What that does is it gives you access to your hardware clock.  So if it is a software problem that should fix it.

----------

## pbardet

Thanks for the tip.

I haven't been able to try it completely (ie setup the /dev/rtc) but it's recompiled.

While recompiling, I went through all kernel menus and found out I had two different chipsets enabled in my kernel. Can't remember the sub-menu for sure as I tested lots of stuff but it was related to the motherboard/chipset used on it. I don't know when that second option was enabled, but it sounds like I overlooked a question when migrating the kernel from 2.6.X to 2.6.11 with make oldconfig. I'll have to do diffs between my .configs, if I can find some spare time...

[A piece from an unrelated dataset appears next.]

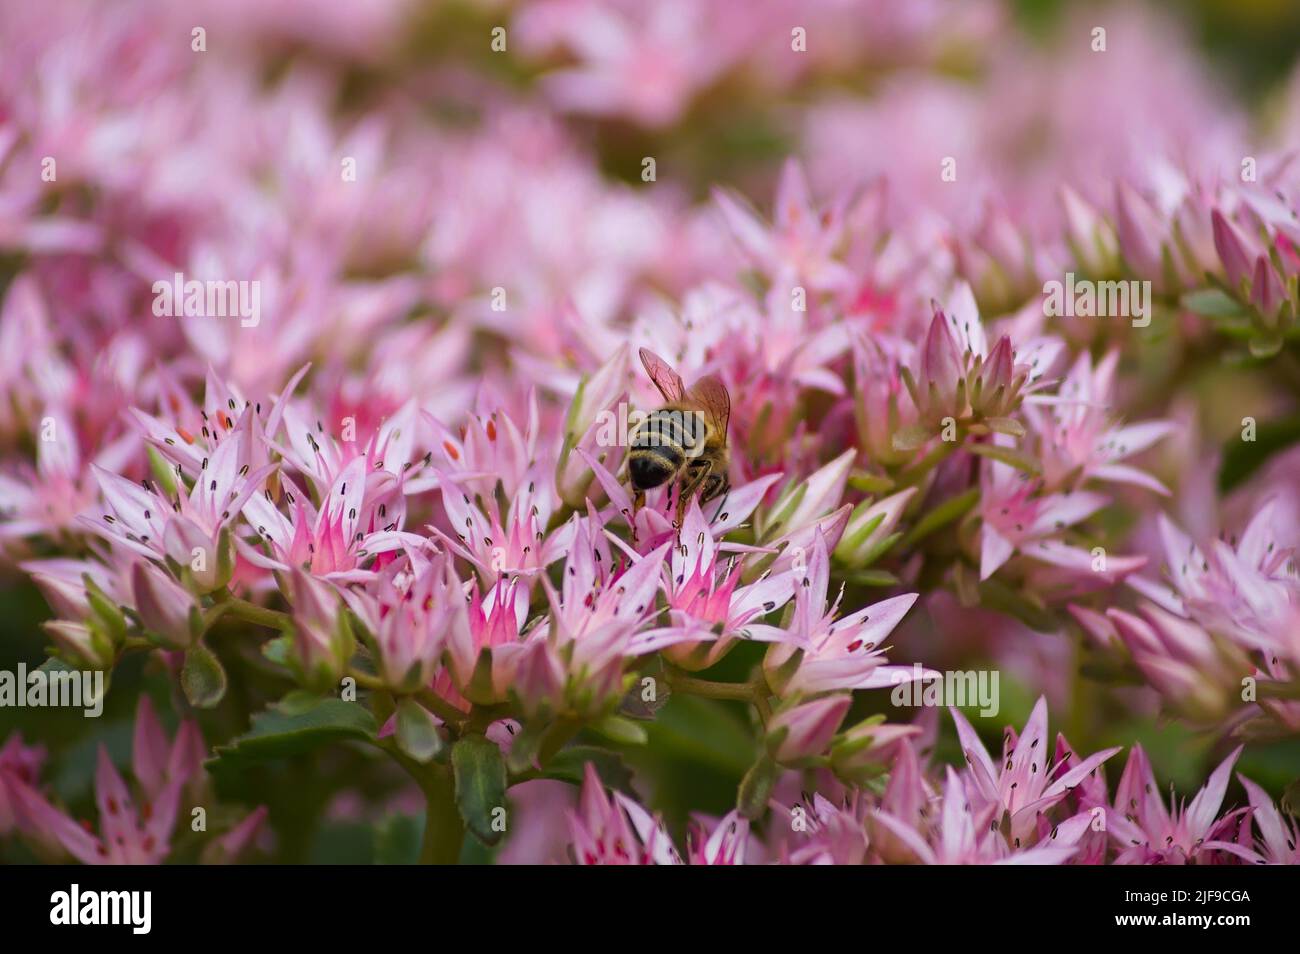 Worker bee on pink (Sedum spectabile) flower bush with soft focus background Stock Photo
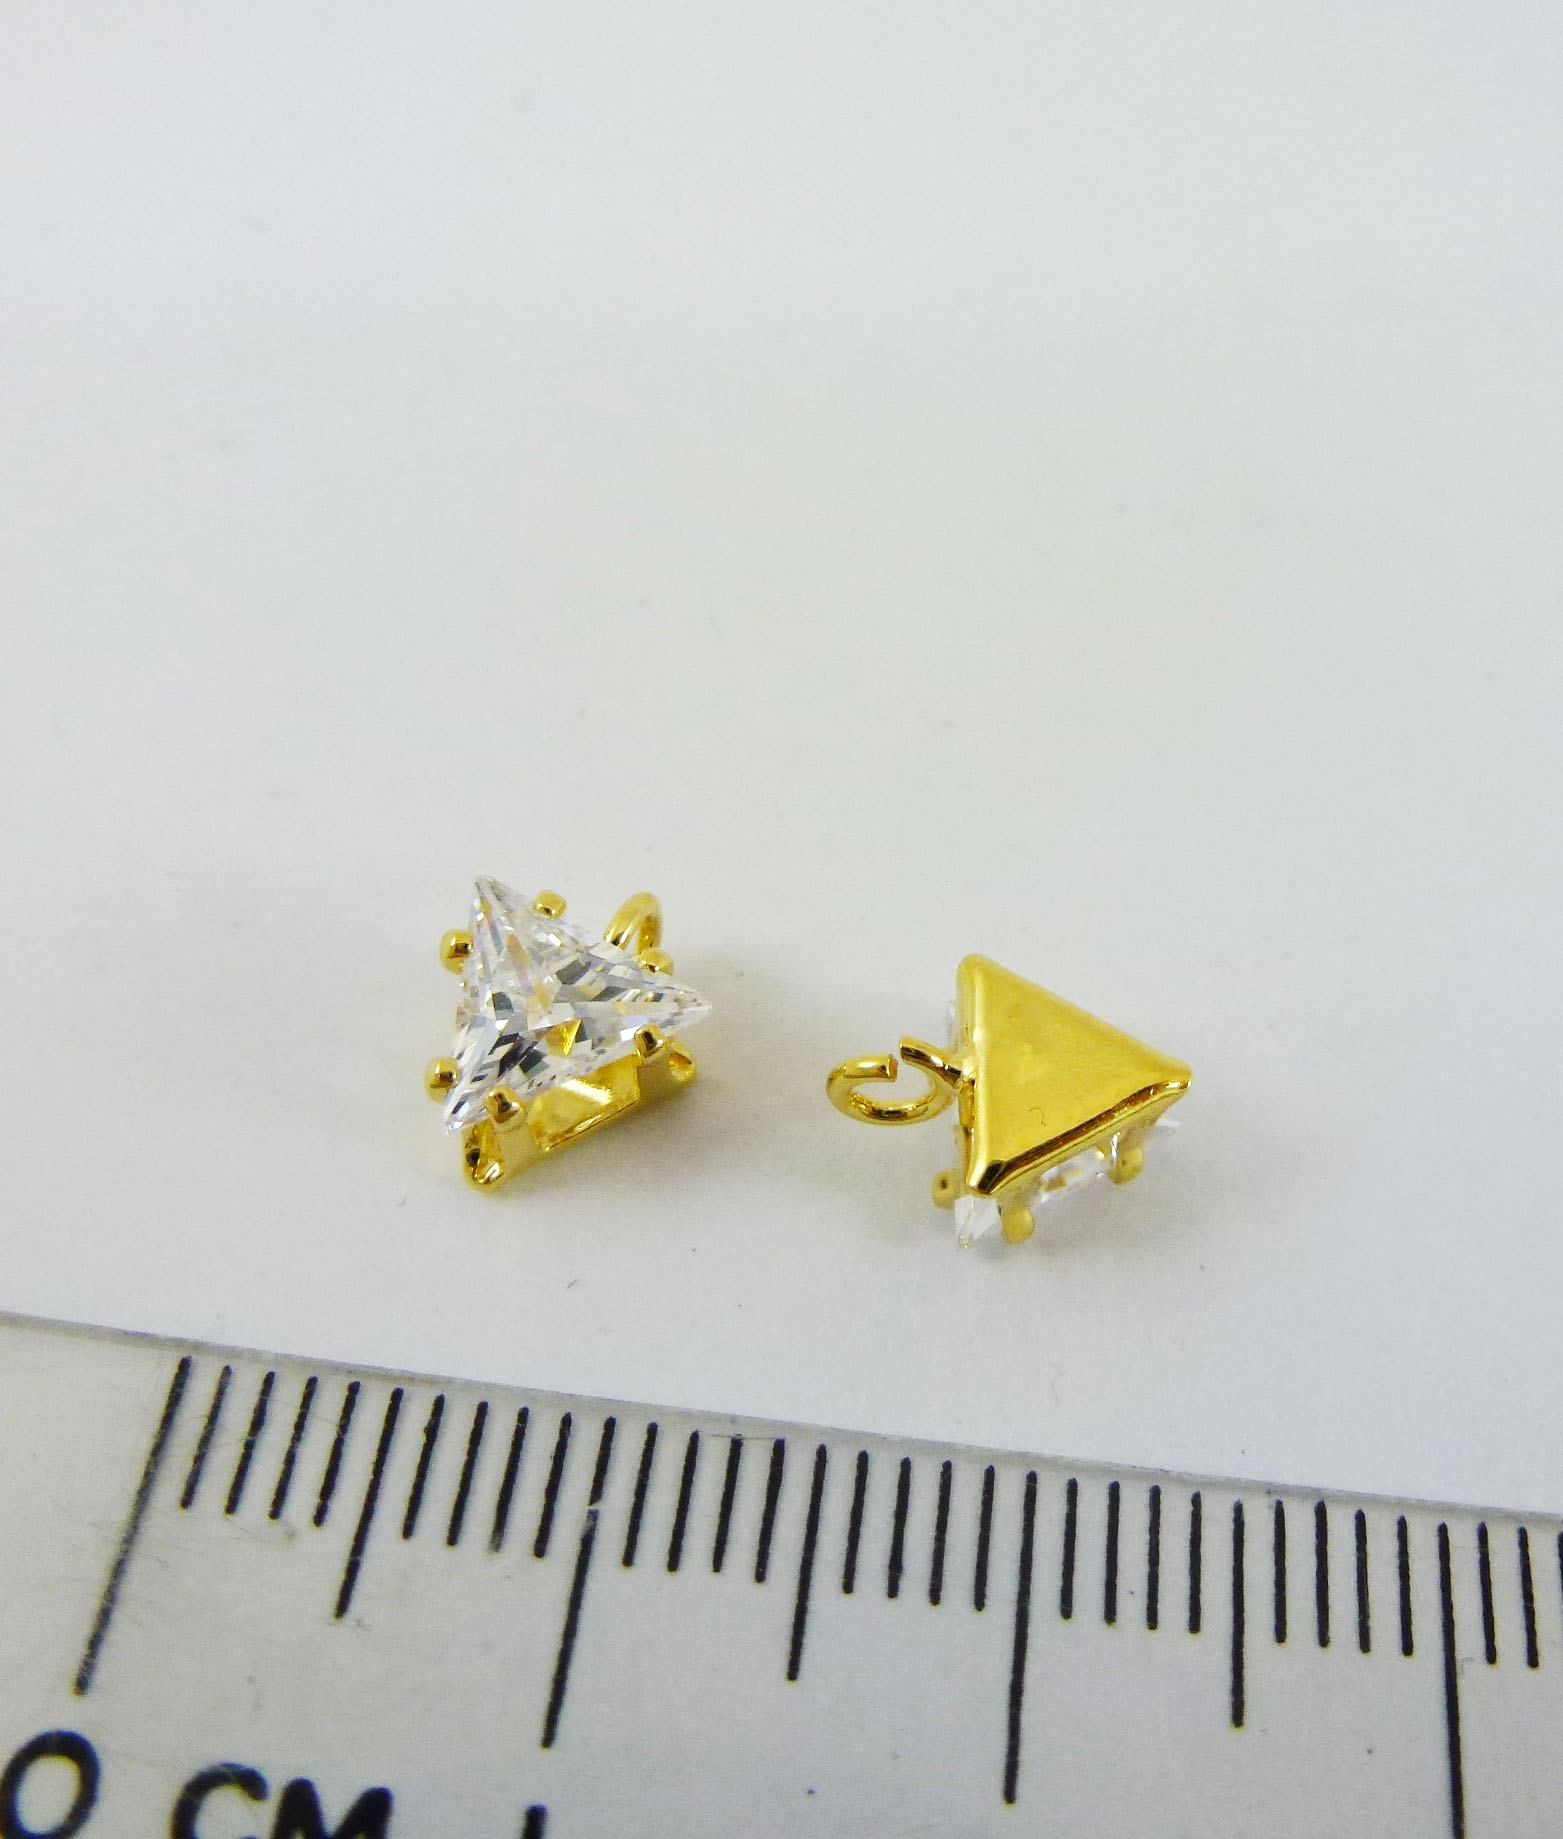 6mm銅鍍金色單孔三角形鋯石

I believe they were conflicting with each other and prevented me from enabling DMA but in such a way that the boot process would not complain about it as it used to be the case when I first installed the machine. It's now been 12 hour the machine runs, and I've lost 5 seconds only. I tried to recompile stuff during that time and it did not move the clock.

hdparm now indicates that DMA is enabled at full speed.

I need to do some more checks tonight when I get back from work to make sure the machine is not sluggish anymore, as well as restart ntpd, and I'll update the topic as solved if all works out.

----------

## pbardet

And I'm back with my original problem. NTP won't start.

Actually, it starts and crashes right away without error message in ntp.log.

It adjusts the clock once and dies.

Any idea where the problem could come from ?

I've searched the forums. The only thing I found out was about a dying CMOS battery

but I exchanged both batteries from the computer where all works fine and the one

where it doesn't, and it's still the same. So the battery doesn't seem to be an issue.

----------

## pbardet

I finally spent some more time starting ntpd by hand with -d option or not. Everything works fine. ntpd stays alive

If I use the /etc/init.d/ntpd script, it exits after a little while and the process disappears but the script says it's all fine.

It's driving me nuts. It doesn't look it's about the config.

----------

## pbardet

And thanks to davison, my problem was with the ownership on /var/log/ntp.log.

For some reason (but after running ntpd as root for debugging purpose, there no way it could be otherwise), it belonged to root, instead of ntp.

----------